The agencies largely align on the main areas of focus that sponsors should be concerned regarding validation:

1. Intended use

• Of the system itself (Vendor’s responsibility)
• Of its use in a specific clinical trial (Sponsor’s responsibility) 

2. Data Integrity

• Audit trails and ALCOA++ (ref. 4.5 in [2])
• Data backup and retention
• Security and access control
• Part 11 (annex 11) signatures. 
• Data collection interfaces - EMA explicitly states that fields should not be automatically filled in except under specific conditions. 

3. Data Processing

• Data interoperability mechanisms
• Data transformation mechanisms

4. Data Protections - GDPR

• Data jurisdiction
• Data dignity and compliance 

5. Trial or customer specific configuration

Impact on Vendors to Clinical Trial Sponsors

To comply with these guidances, vendors to clinical trial sponsors should be prepared to:

1. Operate within and maintain a formal quality management system that incorporates risk management, application lifecycle management, and change management.

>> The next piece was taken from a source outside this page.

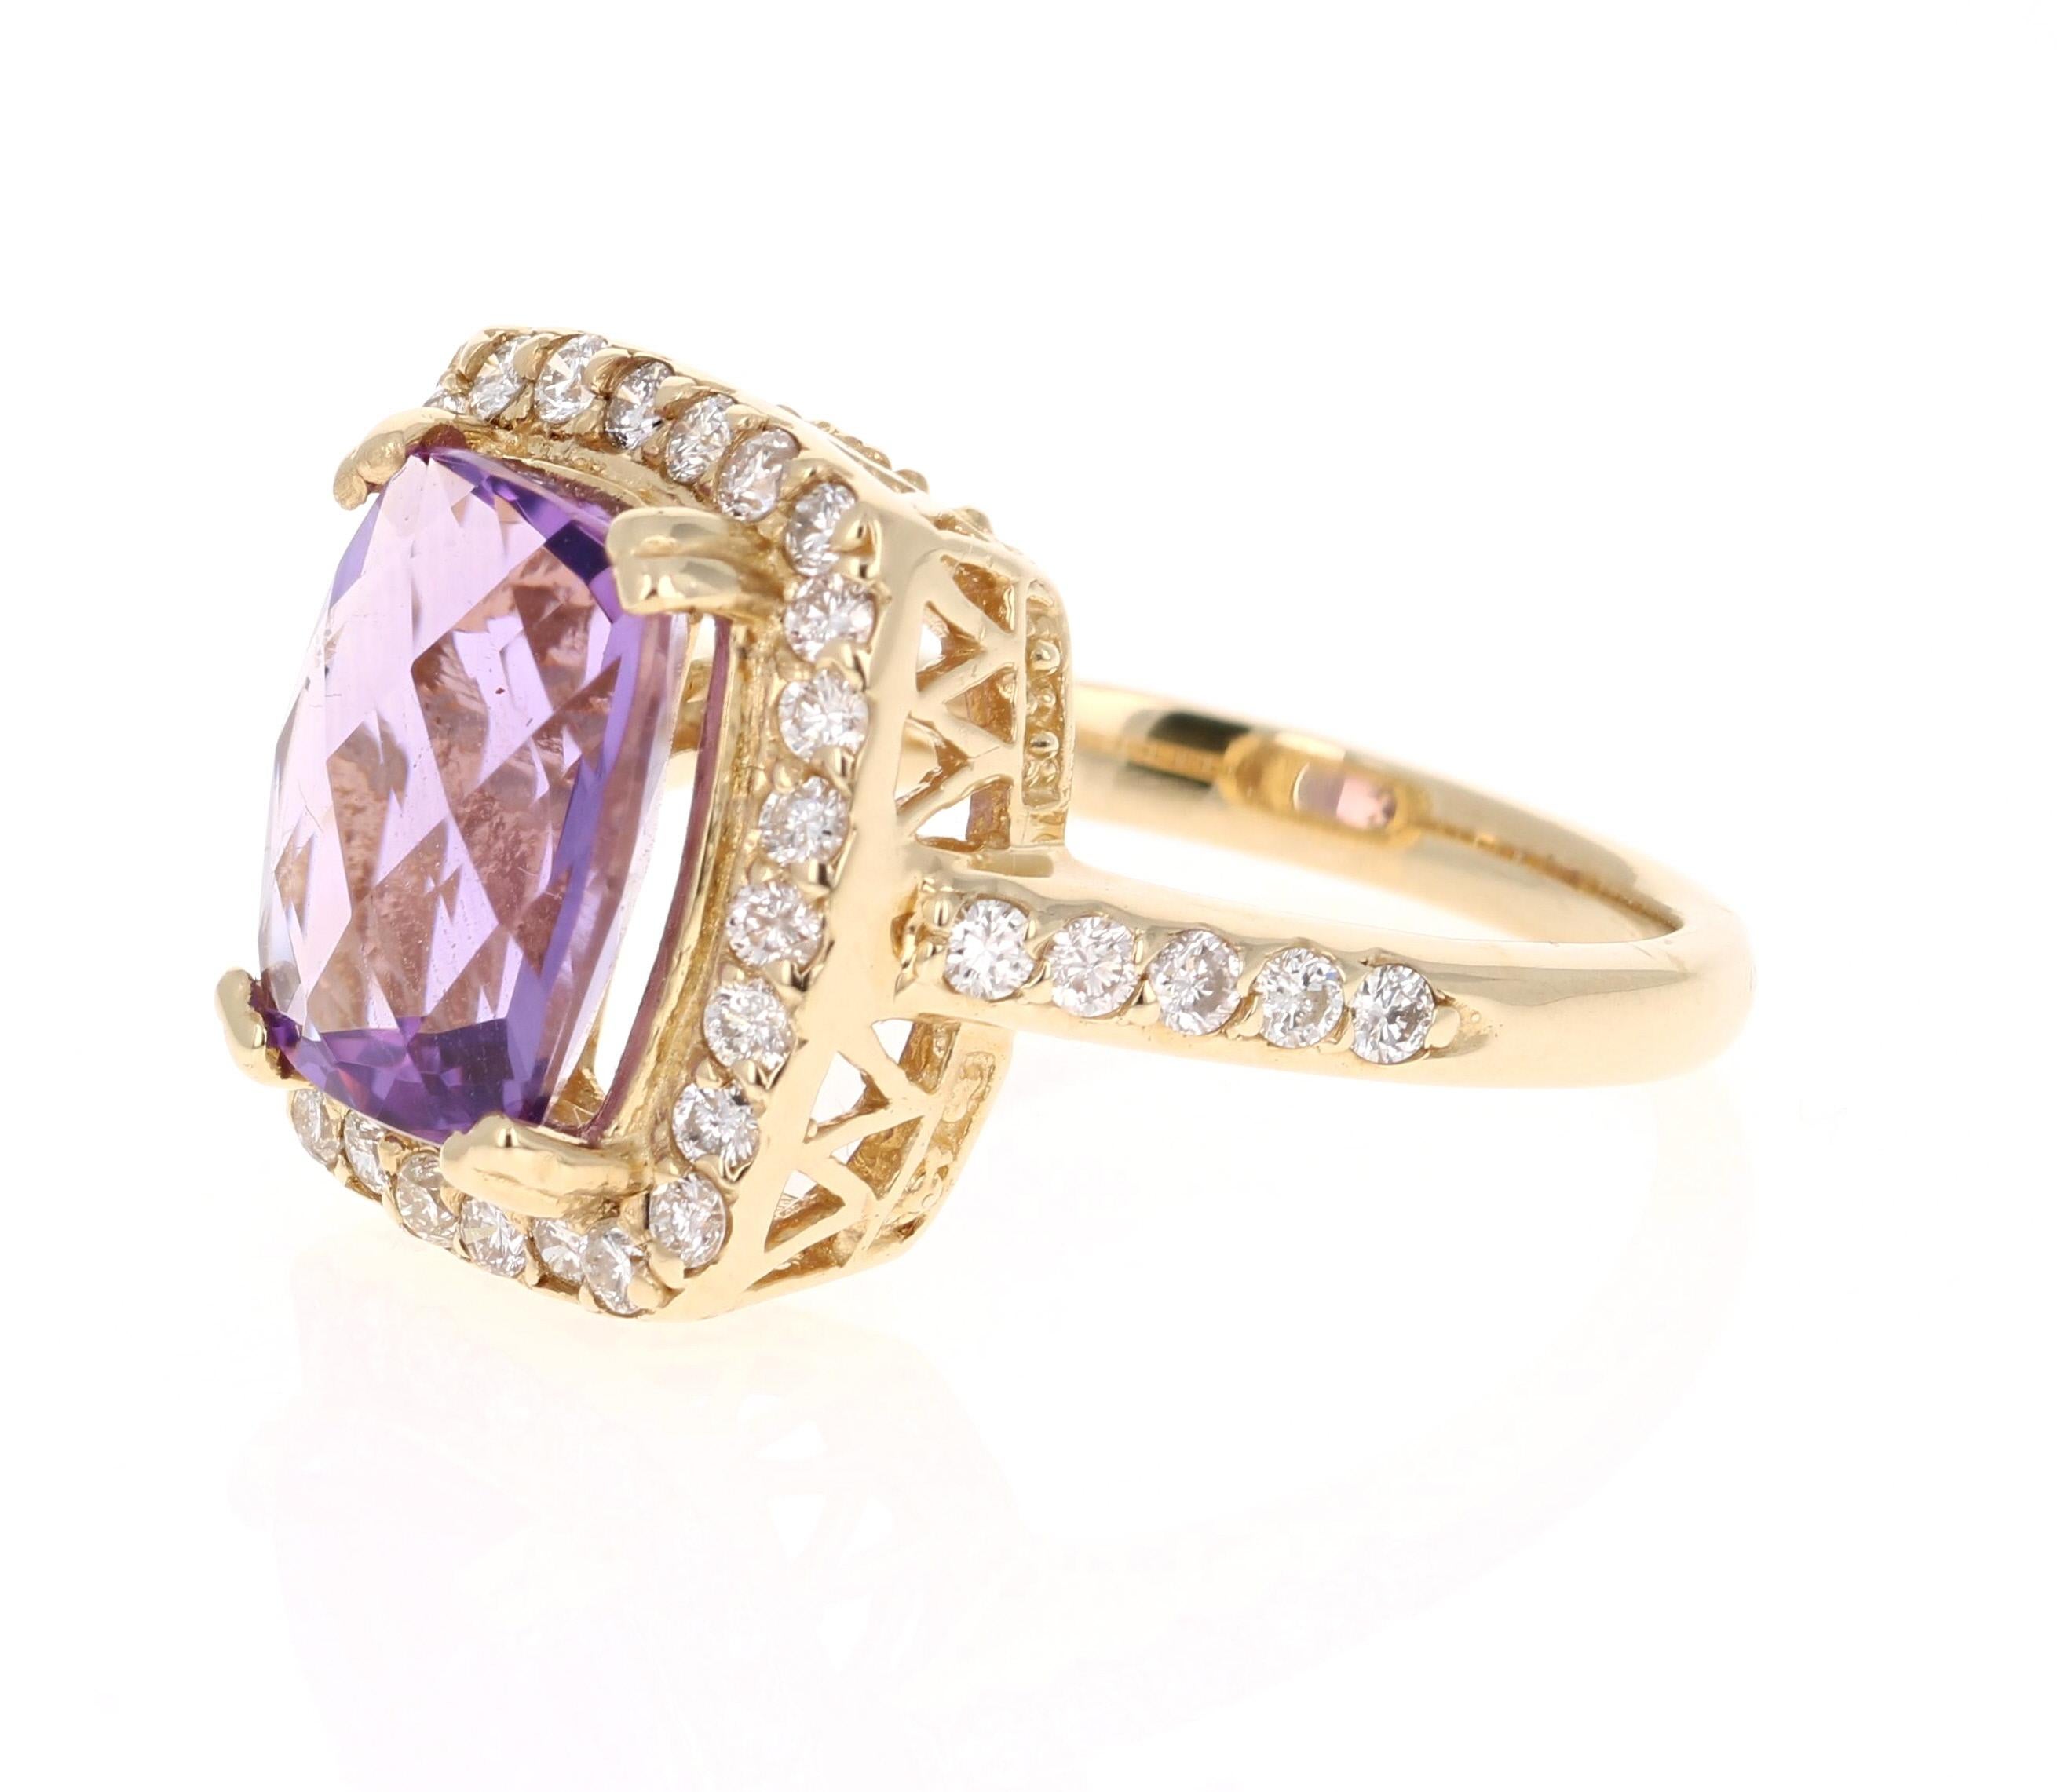 This beautiful ring has a 3.70 Carat Cushion Cut Amethyst and is surrounded by 36 Round Cut Diamonds that weigh 0.67 carats. The total weight of the ring is 4.37 carats. The ring is designed in 14K Yellow Gold and weighs approximately 6.1 grams. It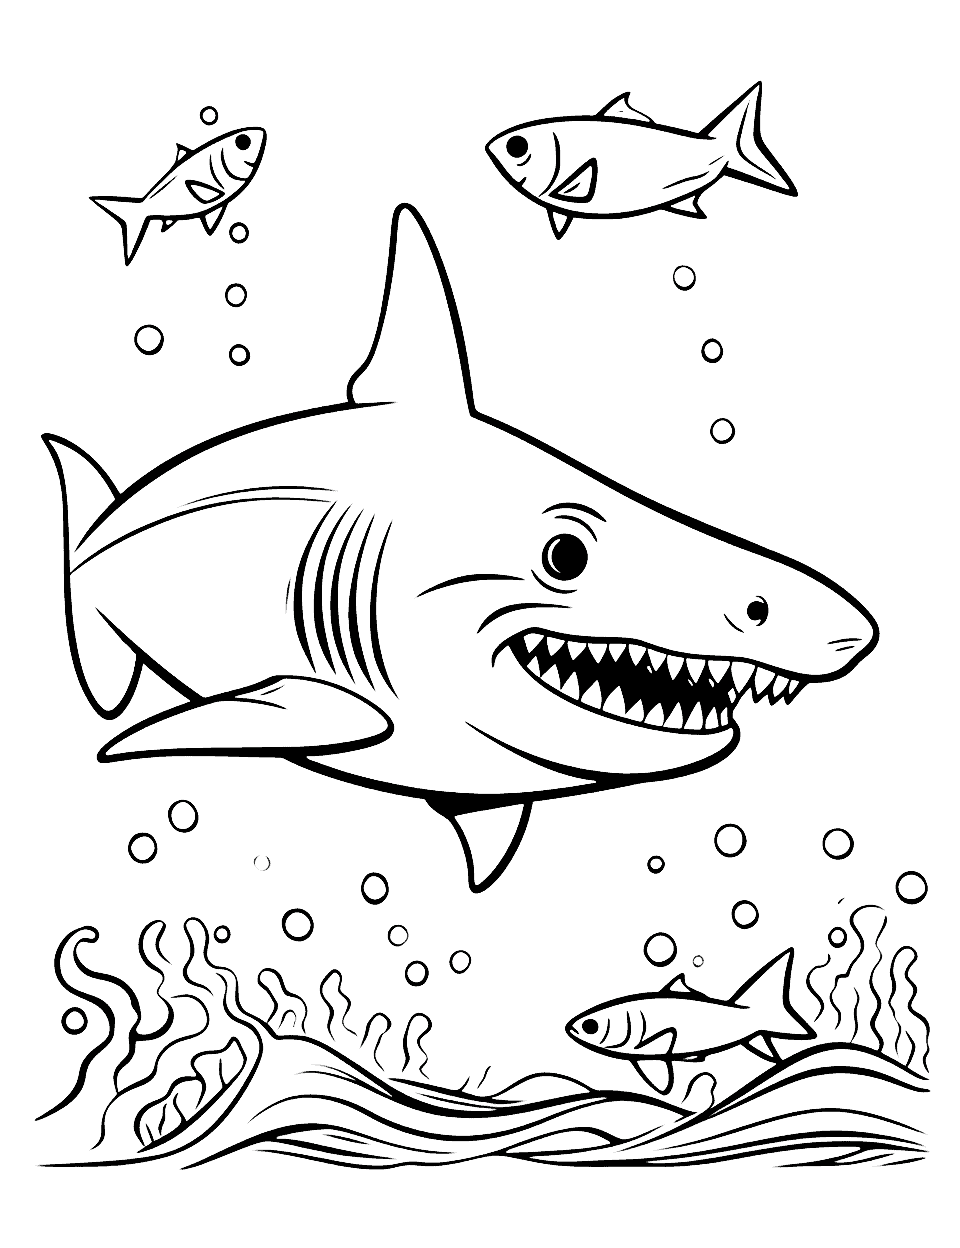 Angel Shark and Fish Coloring Page - An angel shark surrounded by beautiful fish under the water.

• Application lifecycle management and validation decomposition should be based on how the vendor assesses the risks of their product in relation to the integrity of the data production and processing systems of their clients.  If their intended use touches on areas the agencies consider high risk, it would be prudent to embrace a higher level of formality and decomposition.
• They must run a formal issue tracking and change management process, this is an area of particular concern for regulators.

2. Be audited by sponsors and regulators.  Not only by their clients but also FDA and EMA.  Both agencies may directly audit vendors at their discretion.

3. Be supervised under detailed supplier quality agreements.  For SaaS vendors in particular, these agreements may be complex with respect to data retention and data jurisdiction.  Rapid availability of data for the duration of the retention period is necessary.  EMA also indicates that a test environment equivalent to the configured environment be made available for testing to the sponsor. 

4. Support sponsors in qualifying their products.  Many sponsors are also new to these guidelines, a vendor that is capable of explaining and providing support so that sponsors can meet their regulatory requirements will have a commercial advantage. 

5. Validate particular configurations of their product for specific sponsors or trials. 

Conclusions

These new guidelines present substantial commercial opportunities and risks to vendors of computerized systems for clinical trial data management and processing.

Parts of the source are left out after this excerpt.